The justice league is playing baseball with 5kg rockets. The flash's top speed is 300m/s and a home run requires a 180m run. The rockets accerlate at 1200m/s^2, Superman catches it 30m from home, and decelerates it with 2700N. Once he stops the rocket, he applies a 2700N force for 2m throwing it 10m to thrid base. If he is safe Flash immediately begins to give high fives at a rate of 1 for every thousandth of a second, how many does he get to before the ball arrives? if he is out he has to buy superman a $2.99 hero hotdog for every hundredth of a second he was beaten, how much does he spend? What is flash's fate?
To find the answer to this question, we'll break it down into several steps:
Step 1: Calculate how long it takes for Superman to stop the rocket.
We can use Newton's second law of motion, F = ma, to find the acceleration of the rocket:
F = 2700N
m = 5kg
a = ?
Using the formula F = ma, we can rearrange the equation to solve for acceleration, a:
a = F/m
a = 2700N / 5kg
a = 540 m/s^2
Now, we can use the formula for acceleration, final velocity, and initial velocity to calculate the time it takes for the rocket to stop:
a = (v_f - v_i) / t
Rearranging the equation, we get:
t = (v_f - v_i) / a
v_f = 0m/s (final velocity, the rocket stops)

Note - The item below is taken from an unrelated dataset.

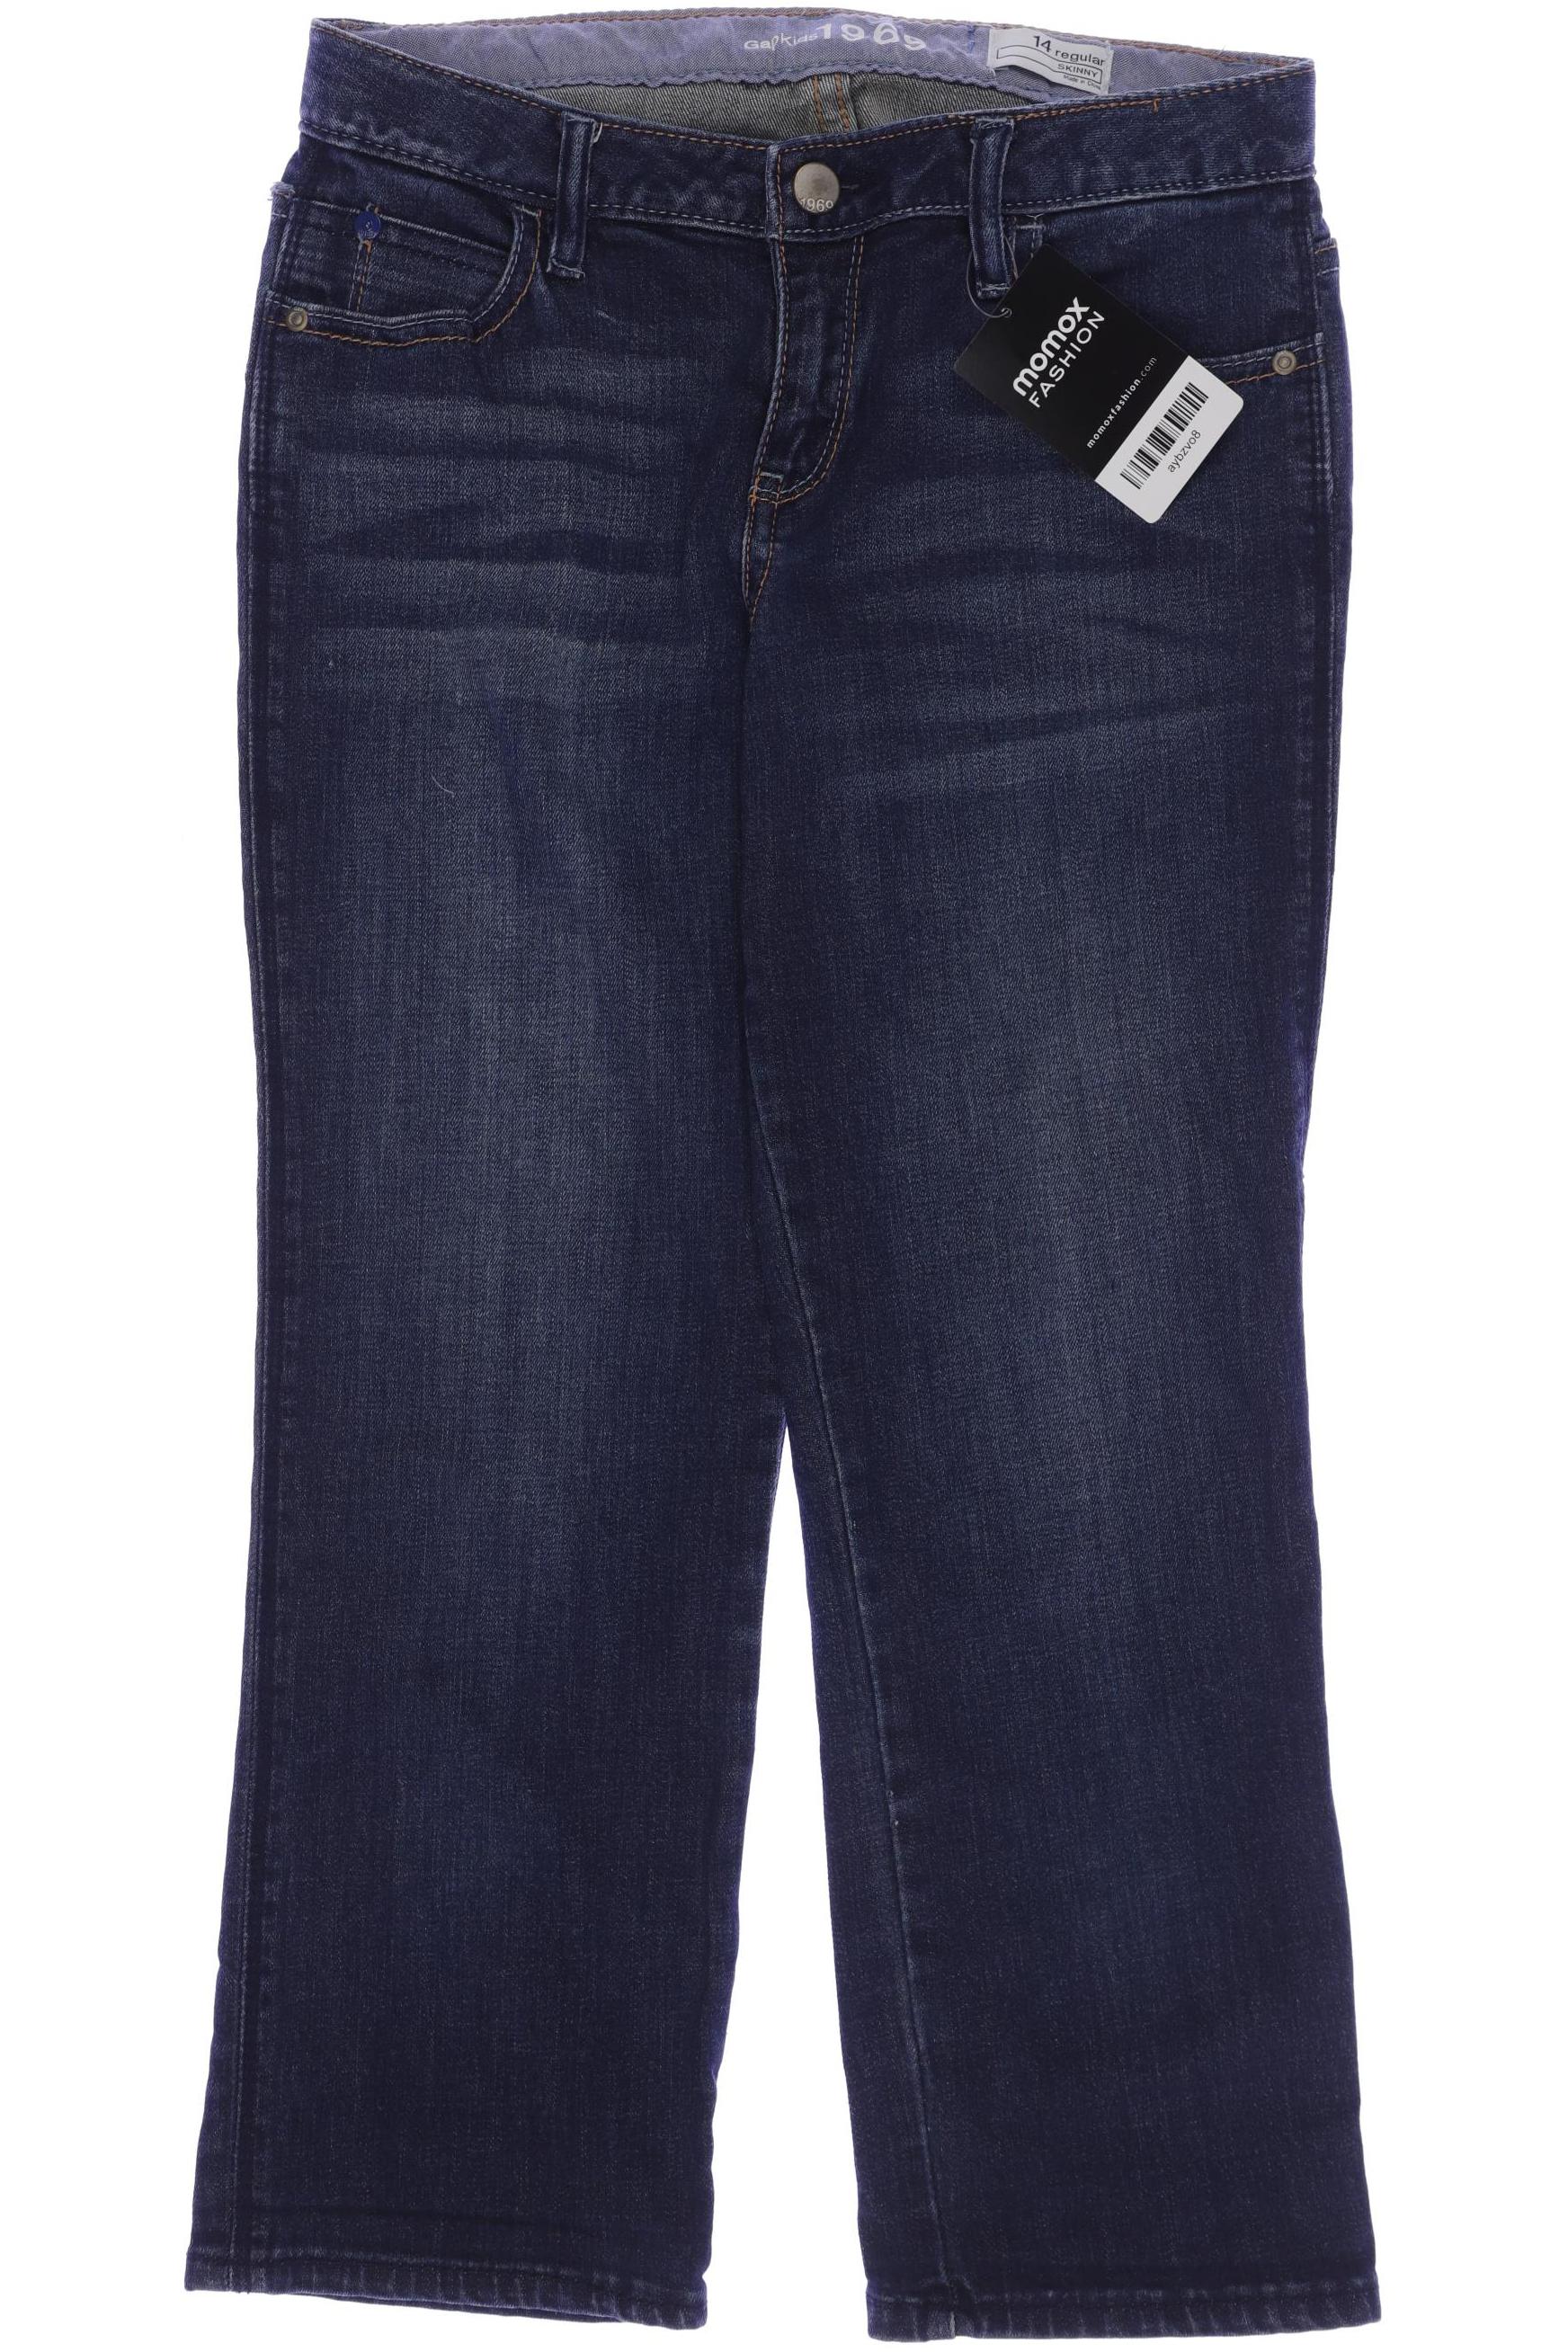 GAP Damen Jeans, marineblau, Gr. 164 von GAP

v_i = 300m/s (initial velocity, the Flash's top speed)
a = -540m/s^2 (negative because the rocket is decelerating)
Plugging in the values, we get:
t = (0 - 300) / -540
t = 0.556s (rounded to three decimal places)
Step 2: Calculate how long it takes for Superman to throw the rocket to third base.
Assuming Superman's force is applied uniformly over the 2m distance, we can calculate the acceleration using the formula for force:
F = ma
Rearranging the equation, we can solve for acceleration, a:
a = F/m
a = 2700N / 5kg
a = 540m/s^2
Now, we can use the formula for displacement, initial velocity, acceleration, and time to calculate the time it takes for Superman to throw the rocket to third base:
s = 10m (displacement)
u = 0m/s (initial velocity)
a = 540m/s^2
t = ?
The formula for displacement is:
s = ut + (1/2)at^2
Since initial velocity u is 0, the formula becomes:
s = (1/2)at^2
Plugging in the values, we get:
10 = (1/2)(540)t^2
20 = 540t^2
t^2 = 20/540
t ≈ 0.064s (rounded to three decimal places)
Step 3: Determine Flash's fate.
Flash's fate depends on whether he has enough time to reach home plate before the rocket arrives. To calculate this, we need to add the time it takes for Superman to stop the rocket (Step 1) and the time it takes for Superman to throw the rocket to third base (Step 2).
Total time = Step 1 + Step 2
Total time = 0.556s + 0.064s
Total time ≈ 0.62s
If Flash takes less than 0.62s to reach home plate, he is safe. Otherwise, he is out.
Step 4: Calculate the number of high fives Flash gets (if safe).
According to the question, Flash gives high fives at a rate of 1 for every thousandth of a second. To find the number of high fives Flash gives, we need to know how many thousandths of a second pass before the ball arrives.
The time it takes for the ball to arrive is the same as the total time calculated in Step 3: 0.62s.
To find the number of thousandths of a second, we multiply the total time by 1000:
Number of thousandths = Total time * 1000
Number of thousandths = 0.62s * 1000
Number of thousandths = 620
Therefore, Flash gets to give 620 high fives.
Step 5: Calculate the cost if Flash is out.
If Flash is out, according to the question, he has to buy Superman a $2.99 hero hotdog for every hundredth of a second he was beaten.
We calculated earlier that the total time it takes for the ball to arrive is 0.62s.
To find the number of hundredths of a second, we multiply the total time by 100:
Number of hundredths = Total time * 100
Number of hundredths = 0.62s * 100
Number of hundredths = 62
Therefore, Flash would have to spend 62 * $2.99, which is $185.38 if he is out.
So, to summarize:
- If Flash takes less than 0.62s to reach home plate, he is safe and gets to give 620 high fives.
- If Flash takes longer than 0.62s to reach home plate, he is out and has to spend $185.38 on hero hotdogs.
We can conclude Flash's fate and the cost he would incur once we have the time it takes for Flash to run the 180m.